The US Travel Association, the newly minted trade group which represents travel companies and organizations, travel and tourism offices, and convention and visitors bureaus, hired APCO Worldwide in January for its public affairs effort.

“Other industries have done a far better job defining their relevance,” said Geoff Freeman, SVP for the association. “This is an ongoing effort to share the story of why meetings, events, and business travel are central to American business and central to the economy.”

Some companies, especially those that have received Troubled Asset Relief Program (TARP) funds, have canceled meetings and events, while even companies that have not received bailout funds have reportedly canceled trips to avoid bad publicity.
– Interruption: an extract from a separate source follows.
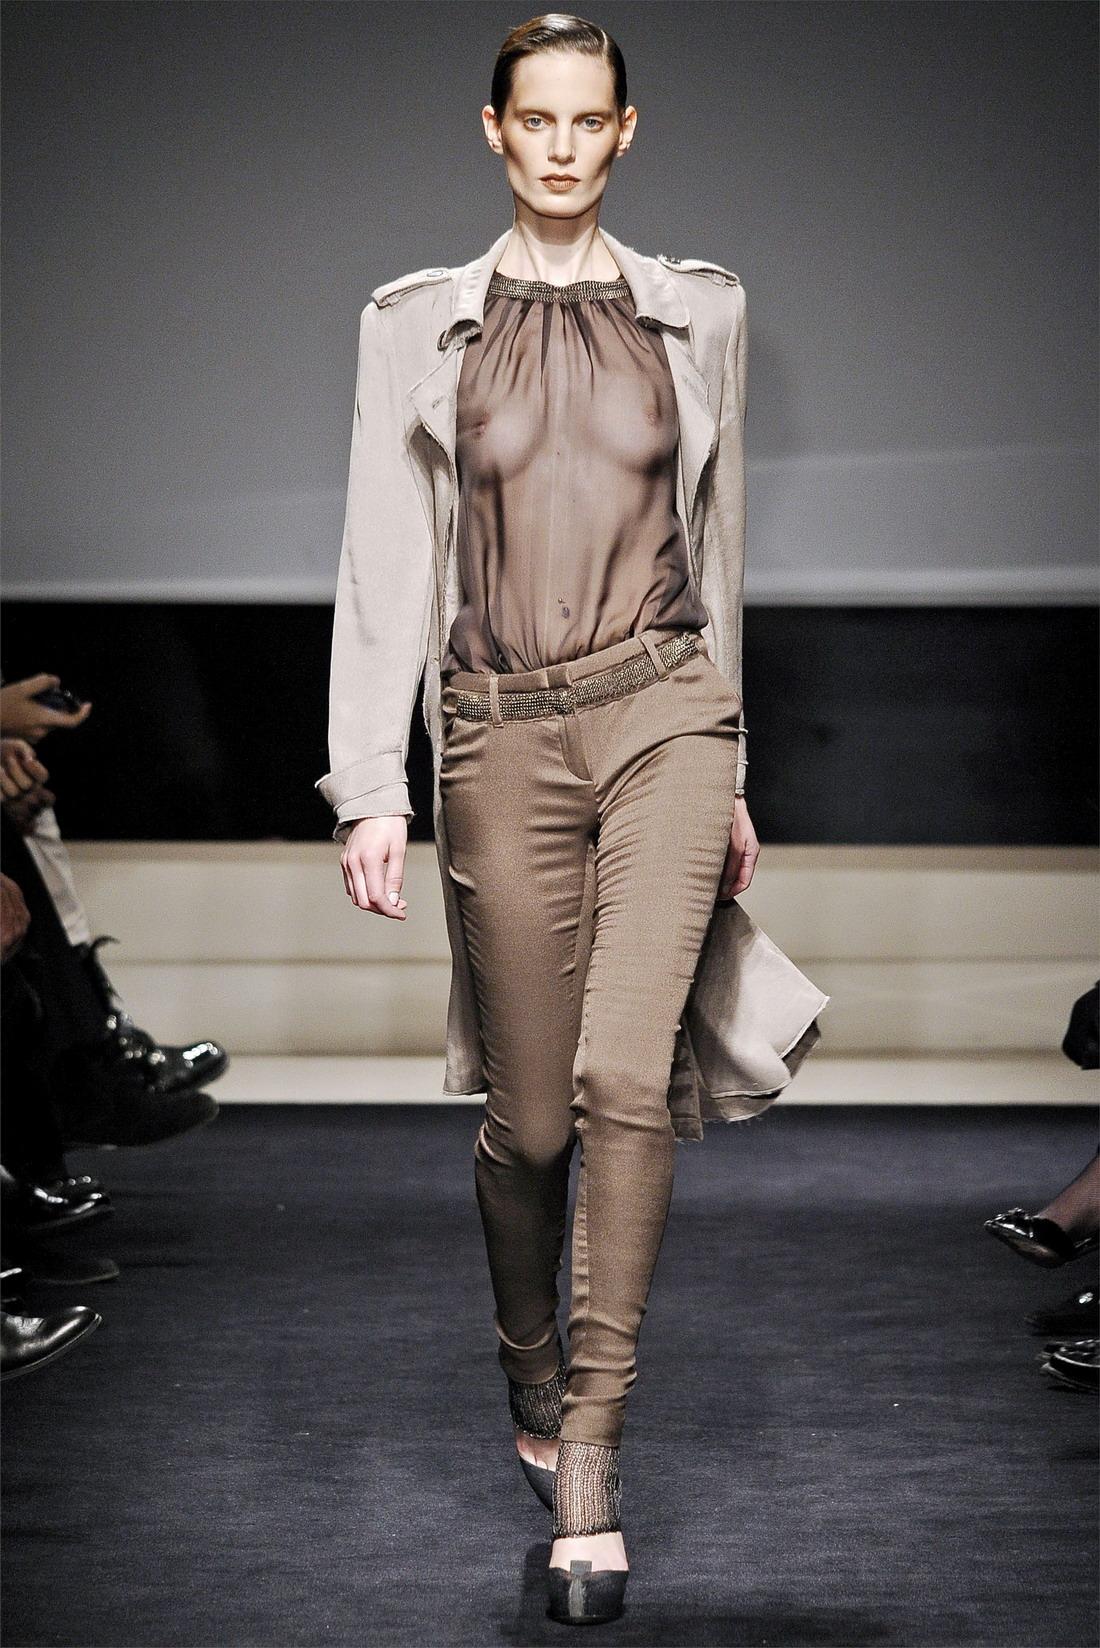 Голая мода франции вот

“There's a state of fear,” Freeman said. The rolling effect of the cancellations will hit blue-collar workers with jobs at hotels, restaurants, and convention centers, and states who receive travel tax revenue, added APCO SVP Mike Hotra.

The economic stimulus package that President Barack Obama signed last Tuesday requires that TARP recipients institute policies on luxury expenditures, including events and entertainment. As part of its message, the DC-based association developed travel guidelines for companies and talking points and toolkits for its member organizations. It is also reaching out to business media and bloggers.

The goal is to reach policymakers and the press as part of the educational effort. It also hopes to reassure business leaders that meetings and conventions are a viable aspect of business, especially as it pertains to staff-incentive programs, said Freeman.

Big convention cities like Philadelphia and Las Vegas are rolling out their own initiatives.

The Philadelphia Convention & Visitors Bureau launched a meetings-focused campaign on February 16 called “Serious Value for Serious Times,” said Danielle Cohn, VP of marcomms. Targeting businesses and business-travel media, the initiative aims to encourage local and regional businesses to look at the city as a cost-effective solution for meetings. The effort has a total creative budget of $150,000.

The Las Vegas Convention and Visitors Authority will launch an ad campaign in the coming weeks to encourage business travel in the city, said Jeremy Handel, PR manager for the organization.

For the business aviation community, the challenge is changing public perception of a seemingly luxury perk, said industry professionals.

The National Business Aviation Association (NBAA) and General Aviation Manufacturers Association (GAMA) partnered for the first time in more than a decade to launch the “No Plane No Gain” campaign on February 17.

The two groups created a Web site to educate the public about why businesses use private jets and to provide tools for businesses to explain why they use them, said Dan Hubbard, SVP of communications for NBAA. Plans for educational webinars, studies, and surveys are also in the works.

To complement what the NBAA and GAMA are doing, aircraft manufacturer Cessna is working on a predominately ad effort, which is “pure advocacy,” said Doug Oliver, corporate communications director at the Wichita, KA-based company.

“This is really out of the box for Cessna,” he noted. “We have to take back that perception.”